I meant to blog on this yesterday, when I first read it on the BBC Website, but events have conspired to delay it until now. The article is taken from an interview in the FT with the Shadow Foreign Secretary.
The Great Waffler, William Hague, has said that under the Tories Britain would pursue “close” ties with the US, and expressed concerns about the EU’s direction. Now, I have my own reservations on the EU’s direction, but I suspect that myself and Mr. Hague have slightly different thoughts on the matter.
The inference that the Conservatives have made what he calls a “strategic decision” not to pick a fight with Europe from the off suggests that they would love to indulge in a little Euro-bashing, but can’t afford to given the political landscape.
He blames the financial crisis for diminishing the UK’s infuence in the world, conveniently sidestepping one of the major events which opened the nation to criticism from all quarters, namely the country’s support for the invasion of Iraq. Of course, it’s sheer coincidence that the Tories supported the invasion too, invalidating it as a political bat with which to beat Labour. Economic policy, on the other hand, is a favourite line of Conservative rhetoric at the moment, even if they are hopelessly confused about specifics.
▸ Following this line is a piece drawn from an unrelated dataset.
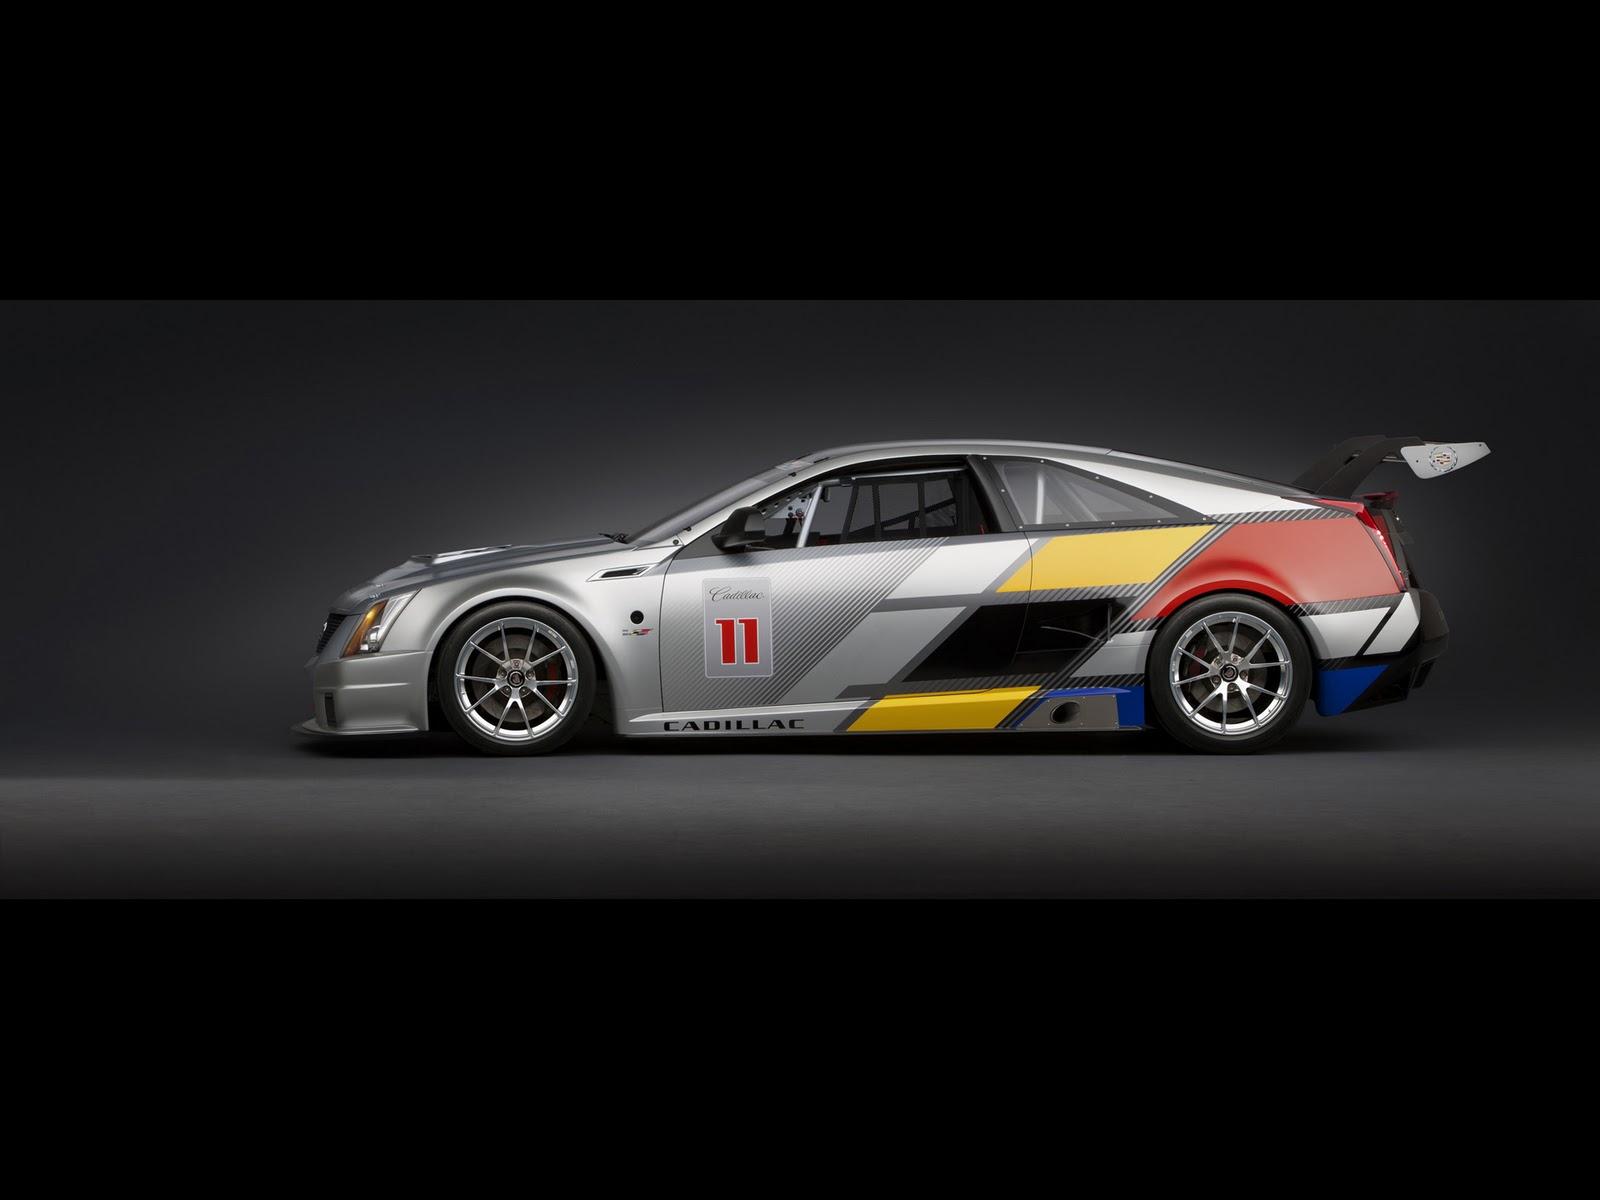 http://4.bp.blogspot.com/_viCh1SFyGrA/TUE1l5b-wxI/AAAAAAAAARw/gUxMO53rFCs/s1600/2011-Cadillac-CTS-V-Coupe-Racecar-Side-1920x1440.jpg

The reason that the UK’s economy is suffering is because we have moved away from being an economy that produced things, and become an economy that relies too much on The City to use financial jiggery-pokery to make it seem as though the economy’s growing, whereas in fact the only growth is in share prices. Dr. Paul Cockshott has published an excellent critique of the current financial situation over at Though Cowards Flinch (the comments sections of the two posts on Keynes are particularly enightening).
However, Hague pins the blame on Labour’s over-borrowing while its been in power. While this has impeded any government attempts to intervene in the current situation, it is not a cause of the economic situation. Germany has functioned reasonably well with a sizeable budget deficit for years now, and Greece would have been fineĀ if its credit rating had not been downgraded, thereby increasing the cost of borrowing.
Hague maintains that if Labour triumphs, Britain will be taken “backwards towards a Seventies-style model” in terms of economic policy, but his refusal to cooperate with Europe will move Britain back to a foreign policy which hasn’t been seen since the 1930s – obsessed with international prestige and a global superpower status despite the challenges it faces, to the detriment of other, far more important issues.
Britain, as a nation of 60 million, has vast disadvantages just in size when it comes to competing economically with the big boys, but the Tory obsession with maintaining the UK’s place in the sun could lead to a Britain that is isolated from Europe, and overly-reliant on a United States that, economically and politically, is increasingly marginalised on the international scene.